Im Aufstieg nach San Martino: Ausblick auf das Mendrisiotto und zu den Gipfeln des Piemont

Wanderung Vacallo-Bruzella

Vom Sonnenhang ins Tal der Stille

  • Vacallo

  • Sagno

  • Morbio Superiore

  • Caneggio

  • Bruzella


REGION: Tessin
MARSCHZEIT: 3 h 15 min
AUFSTIEG: 610 m
TIEFSTER PUNKT: 357 m
VERPFLEGUNG: Picknick aus dem Rucksack
ANREISE: Mit dem Bus nach Vacallo/Piazza
MERKMALE: Auch/nur im Winter
Schwierigkeit: T1 Wandern
Streckenlänge: 9 km
Abstieg: 370 m
Höchster Punkt: 740 m
Ideale Jahreszeit: Ganzjährig begehbar
Rückreise: Ab Bruzella/Paese mit dem Postauto
   

Im südlichsten Zipfel der Schweiz fällt nur selten Schnee, und nie bleibt er lange liegen. Die wunderbar aussichtsreiche Wanderung vom Sonnenhang oberhalb von Chiasso ins Muggiotal lässt sich deshalb sowohl im zeitigen Frühling als auch im Spätherbst, ja sogar mitten im Winter problemlos ausführen. Verschiedene Abschnitte auf Hartbelag summieren sich auf knapp die Hälfte der Gesamtstrecke.

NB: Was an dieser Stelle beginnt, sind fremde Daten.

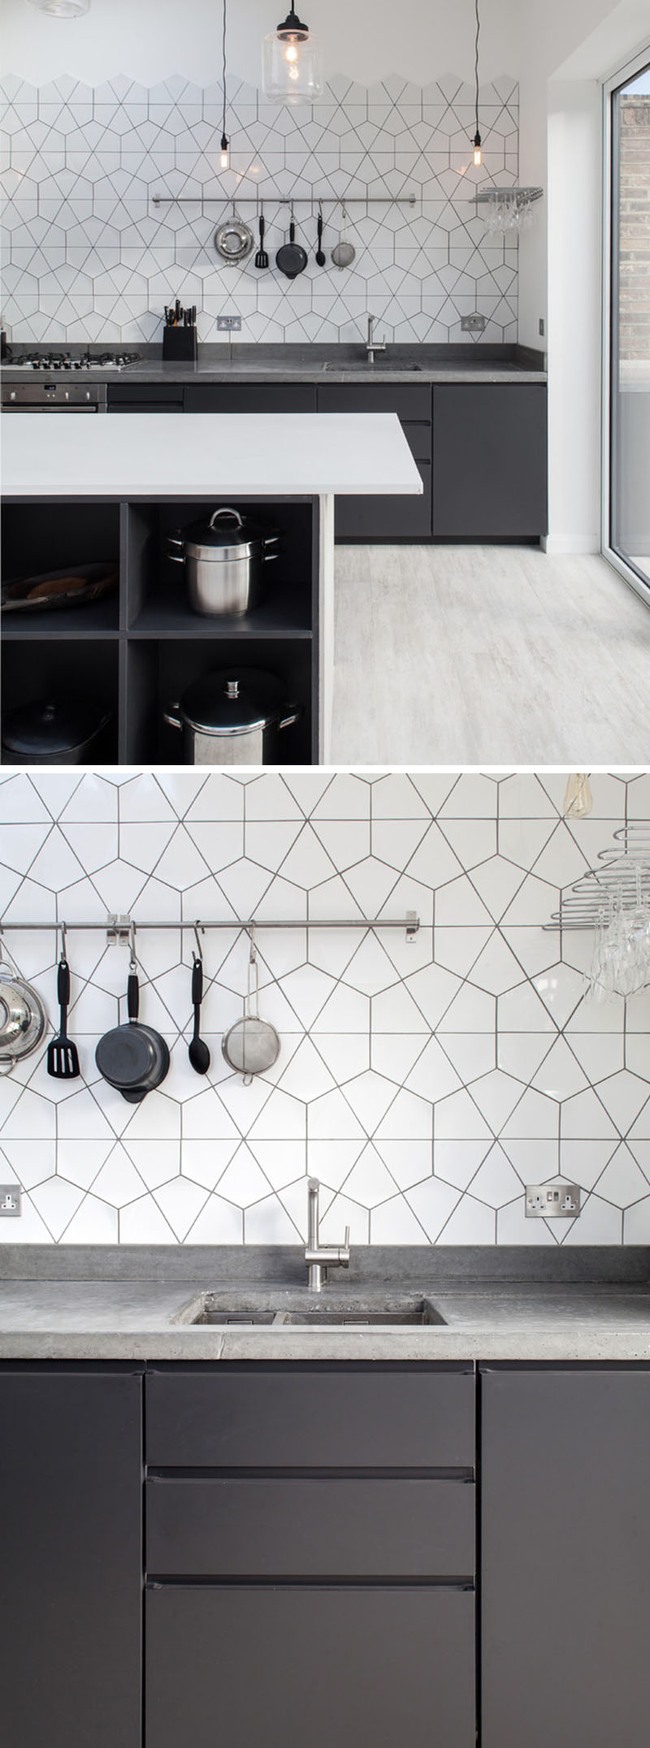 9 mẫu gạch ốp nhà bếp theo phong cách hình học cho chị em tùy ý lựa chọn - Ảnh 4.

Wandern in der Region Chiasso? Wer beim Namen der südlichsten Stadt der Schweiz nur an Shoppingtempel, Autobahnen und Grenzbahnhöfe denkt, lässt das touristische Potenzial der Gegend ausser Acht. Kaum lässt man den von Verkehrsströmen durchfurchten Talboden hinter sich, so wechselt das Gesicht der Landschaft komplett. Beispielhaft zeigt sich das am Dorf Vacallo, das sich an sonniger Südlage in den Hang schmiegt. Neben eher unansehnlichen Neubauten, die den heutigen Charakter als Vorort widerspiegeln, gibt es auch eine Reihe von gut erhaltenen alten Steinhäusern und weiteren interessanten Bauwerken. Dazu zählen mehrere Sakralbauten, darunter die schmucke Pfarrkirche Santi Simone e Giuda.
Die Piazza vor der Kirche ist Ausgangspunkt der lohnenden und abwechslungsreichen Wanderung hinüber ins Muggiotal. Zunächst auf Asphalt, später auf steingepflästerten Waldwegen steigt man zum Dörfchen Sagno hoch. Das Panorama dort ist beachtlich. Es reicht von den Piemonteser Alpen im Westen bis zur Comersee-Gegend; vom See erspäht man im Osten zumindest einen Zipfel.
In leichtem Anstieg geht es weiter zur bewaldeten Kuppe von San Martino. Unterhalb des Kirchleins befindet sich ein gut ausgebauter Picknickplatz mit Holztischen, Sitzbänken und einer befestigten Feuerstelle. Grosse Lücken zwischen den Baumreihen erlauben schöne Tiefblicke. Die Sicht öffnet sich hier nun auch zum Valle di Muggio, dem Ziel der Wanderung.
In mehreren Serpentinen windet sich ein schmaler Fusspfad in die Tiefe. Da die Sonne hier im Winter kaum hinkommt, kann das Trassee mitunter vereisen. Doch weil das Gefälle gering ist, stellt dies geübte Wanderer vor keine grossen Probleme. Durch eine Kastanienselve gelangt man am Ortsteil Lattecaldo vorüber auf einem Strässchen nach Morbio Superiore. Am oberen Dorfrand schwenkt man gleich wieder auf einen Forstweg ein. Dieser führt in leichtem Aufstieg nach Caneggio. Praktisch ebenen Wegs gelangt man schliesslich nach Bruzella.